Published 1 Jul 2026 in cs.RO and cs.CV | (2607.01067v1)

Abstract: As an essential modality for dexterous and contact-rich tasks, tactile sensing provides precise force feedback that cannot be reliably inferred from vision. However, limited by hardware and data collection systems, existing datasets with tactility remain small in scale and narrow in contact coverage. Meanwhile, Vision-Language-Action (VLA) models with tactile modality are constrained on dynamics-agnostic post-training, which limits the performance ceiling on downstream tasks. In this paper, we present H-Tac, a large-scale tactile-action dataset with 160-hour egocentric human videos containing more than 300 tasks and 135k episodes. Building upon this, we propose Transferable Tactile Pre-Training (TTP), a system of tactile-based pre-training on human data for fine-grained robotic tasks. To bridge the gap between humans and robots, we use unified tactile and action spaces throughout the pre-training and post-training phases, preserving prior knowledge during human-to-robot transfer.
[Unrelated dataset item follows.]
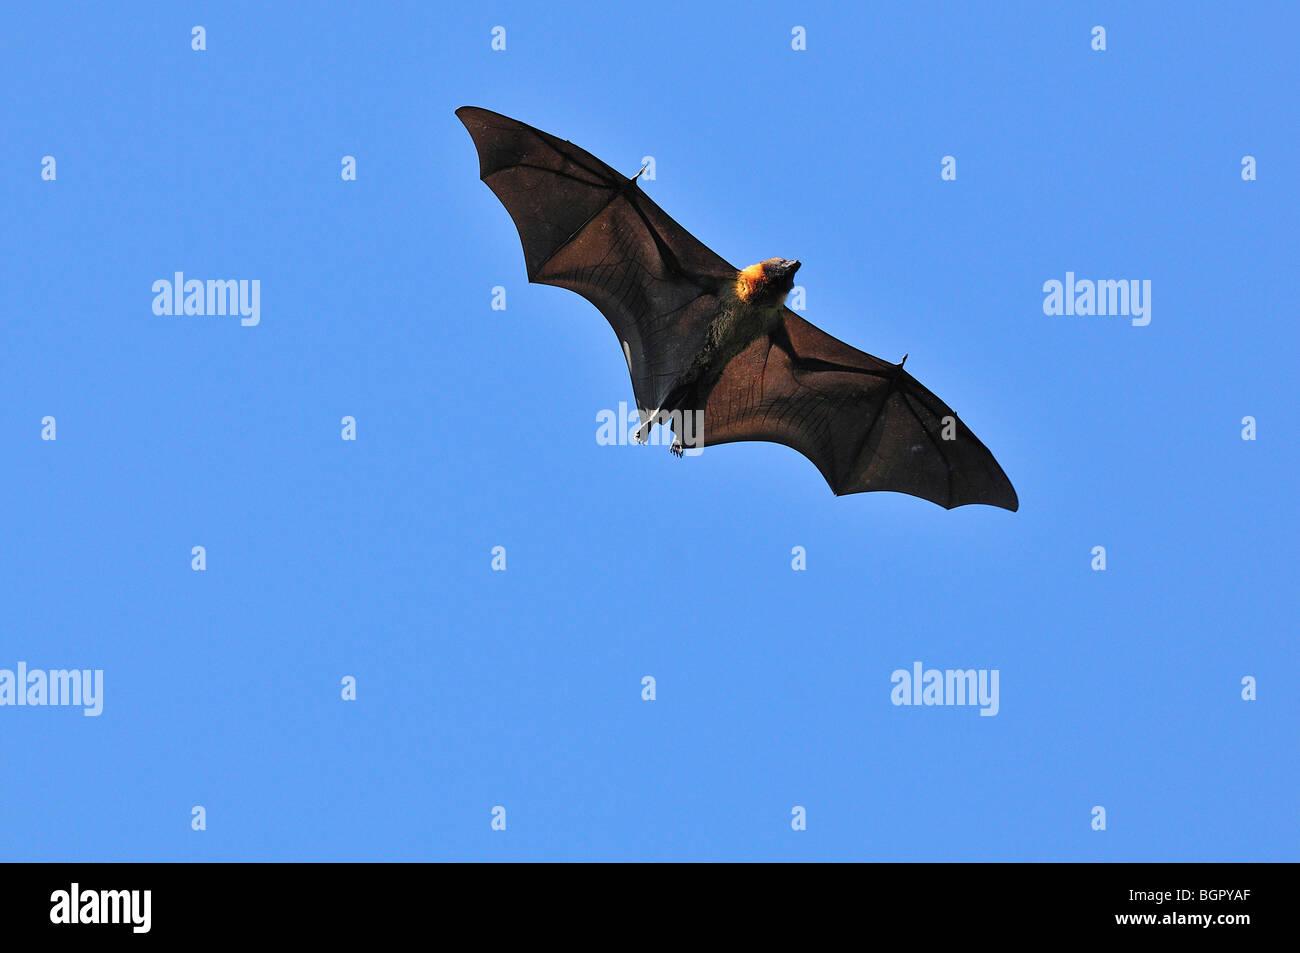 Madagascar Fruit Bat o Flying Fox (Pteropus rufus), adulto en vuelo, La Reserva Privada Berenty, Madagascar Foto de stock

By leveraging a tactile expert for future tactile prediction, our framework explicitly models the contact dynamics and precise physical interactions. Extensive experiments in simulation and on real robots demonstrate that our model achieves superior performance, exhibiting robust generalization and fine-grained manipulation capabilities. TTP paves the way for scalable tactile pre-training via human-to-robot transfer.

Summary

  • The paper introduces TTP, a tactile pre-training system that leverages 160 hours of human-centric tactile data from over 300 manipulation tasks.
  • It employs a multimodal transformer with unified tactile and action spaces, integrating vision, language, and tactile sensing for robust skill transfer.
  • Experimental results show superior performance in precise, fine-grained manipulation and zero-shot generalization compared to leading VLA baselines.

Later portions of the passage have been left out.